Task requirements
Within the records, which lines hold the string "showing"? Report each one by copying it.

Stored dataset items
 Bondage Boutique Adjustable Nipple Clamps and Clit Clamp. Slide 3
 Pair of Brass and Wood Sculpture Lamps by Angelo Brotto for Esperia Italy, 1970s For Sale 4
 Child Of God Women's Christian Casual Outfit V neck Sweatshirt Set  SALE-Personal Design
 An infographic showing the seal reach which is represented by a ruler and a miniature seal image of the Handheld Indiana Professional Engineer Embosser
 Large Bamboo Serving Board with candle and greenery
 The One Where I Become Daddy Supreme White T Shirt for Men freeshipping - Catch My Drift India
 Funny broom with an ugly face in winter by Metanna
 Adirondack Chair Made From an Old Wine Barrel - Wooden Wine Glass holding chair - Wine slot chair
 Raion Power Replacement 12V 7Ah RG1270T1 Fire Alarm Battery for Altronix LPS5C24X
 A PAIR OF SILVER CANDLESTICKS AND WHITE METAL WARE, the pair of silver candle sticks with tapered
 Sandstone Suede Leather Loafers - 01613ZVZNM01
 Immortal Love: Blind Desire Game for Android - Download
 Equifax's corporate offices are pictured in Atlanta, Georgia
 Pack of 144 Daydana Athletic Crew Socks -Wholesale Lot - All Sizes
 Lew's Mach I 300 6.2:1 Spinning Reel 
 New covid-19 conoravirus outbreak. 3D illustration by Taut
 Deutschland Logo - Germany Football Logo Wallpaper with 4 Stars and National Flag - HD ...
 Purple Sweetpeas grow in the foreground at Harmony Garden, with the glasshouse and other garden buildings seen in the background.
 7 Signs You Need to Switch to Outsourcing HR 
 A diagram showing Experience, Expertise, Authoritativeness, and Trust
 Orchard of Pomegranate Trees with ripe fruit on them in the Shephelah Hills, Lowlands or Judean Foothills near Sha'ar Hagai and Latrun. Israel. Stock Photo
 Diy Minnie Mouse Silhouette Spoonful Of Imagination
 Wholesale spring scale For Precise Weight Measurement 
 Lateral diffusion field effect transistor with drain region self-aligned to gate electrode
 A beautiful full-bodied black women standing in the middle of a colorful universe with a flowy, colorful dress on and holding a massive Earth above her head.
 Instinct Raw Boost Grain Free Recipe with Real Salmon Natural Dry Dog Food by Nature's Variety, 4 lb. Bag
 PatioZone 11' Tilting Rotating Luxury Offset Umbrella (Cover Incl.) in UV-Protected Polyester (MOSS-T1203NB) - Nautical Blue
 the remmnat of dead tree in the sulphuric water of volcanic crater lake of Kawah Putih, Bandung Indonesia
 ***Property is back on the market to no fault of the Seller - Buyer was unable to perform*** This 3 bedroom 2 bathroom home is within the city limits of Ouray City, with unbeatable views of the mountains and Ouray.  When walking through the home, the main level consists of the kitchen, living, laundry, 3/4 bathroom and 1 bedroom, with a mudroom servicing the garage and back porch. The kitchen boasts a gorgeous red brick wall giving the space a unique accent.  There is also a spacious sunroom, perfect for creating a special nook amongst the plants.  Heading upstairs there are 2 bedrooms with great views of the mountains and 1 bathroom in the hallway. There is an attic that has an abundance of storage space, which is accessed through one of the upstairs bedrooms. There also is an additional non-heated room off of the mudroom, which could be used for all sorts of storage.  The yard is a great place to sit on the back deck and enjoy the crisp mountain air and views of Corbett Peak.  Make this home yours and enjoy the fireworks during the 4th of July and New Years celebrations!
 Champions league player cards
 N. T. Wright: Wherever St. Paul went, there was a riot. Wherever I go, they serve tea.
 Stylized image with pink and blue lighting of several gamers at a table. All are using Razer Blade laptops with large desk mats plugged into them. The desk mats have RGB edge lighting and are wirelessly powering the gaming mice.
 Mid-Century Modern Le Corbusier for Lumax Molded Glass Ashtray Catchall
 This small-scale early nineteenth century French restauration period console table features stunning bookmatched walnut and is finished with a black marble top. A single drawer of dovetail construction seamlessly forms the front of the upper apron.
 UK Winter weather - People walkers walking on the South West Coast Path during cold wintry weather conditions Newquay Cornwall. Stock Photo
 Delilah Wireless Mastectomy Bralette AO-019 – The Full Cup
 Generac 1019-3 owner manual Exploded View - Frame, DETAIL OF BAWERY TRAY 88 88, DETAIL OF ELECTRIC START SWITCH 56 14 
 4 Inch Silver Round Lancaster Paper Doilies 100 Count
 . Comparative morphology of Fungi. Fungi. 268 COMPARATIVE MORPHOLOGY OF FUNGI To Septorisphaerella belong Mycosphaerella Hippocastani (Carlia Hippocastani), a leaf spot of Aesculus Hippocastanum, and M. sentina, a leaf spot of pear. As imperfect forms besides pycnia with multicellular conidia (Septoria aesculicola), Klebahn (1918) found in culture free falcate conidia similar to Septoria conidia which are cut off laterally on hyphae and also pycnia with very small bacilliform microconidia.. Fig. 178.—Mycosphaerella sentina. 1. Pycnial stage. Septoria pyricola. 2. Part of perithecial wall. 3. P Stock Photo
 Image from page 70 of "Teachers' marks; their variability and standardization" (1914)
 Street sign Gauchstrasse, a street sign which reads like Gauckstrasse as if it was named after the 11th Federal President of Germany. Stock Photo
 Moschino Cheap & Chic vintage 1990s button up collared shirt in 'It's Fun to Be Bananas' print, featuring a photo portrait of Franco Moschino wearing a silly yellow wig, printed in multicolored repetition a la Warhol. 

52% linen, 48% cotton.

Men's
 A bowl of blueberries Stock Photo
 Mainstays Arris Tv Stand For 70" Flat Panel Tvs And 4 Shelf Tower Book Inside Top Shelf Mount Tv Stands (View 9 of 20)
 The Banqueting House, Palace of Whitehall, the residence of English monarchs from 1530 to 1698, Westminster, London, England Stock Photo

Exercise answer
 An infographic showing the seal reach which is represented by a ruler and a miniature seal image of the Handheld Indiana Professional Engineer Embosser
 A diagram showing Experience, Expertise, Authoritativeness, and Trust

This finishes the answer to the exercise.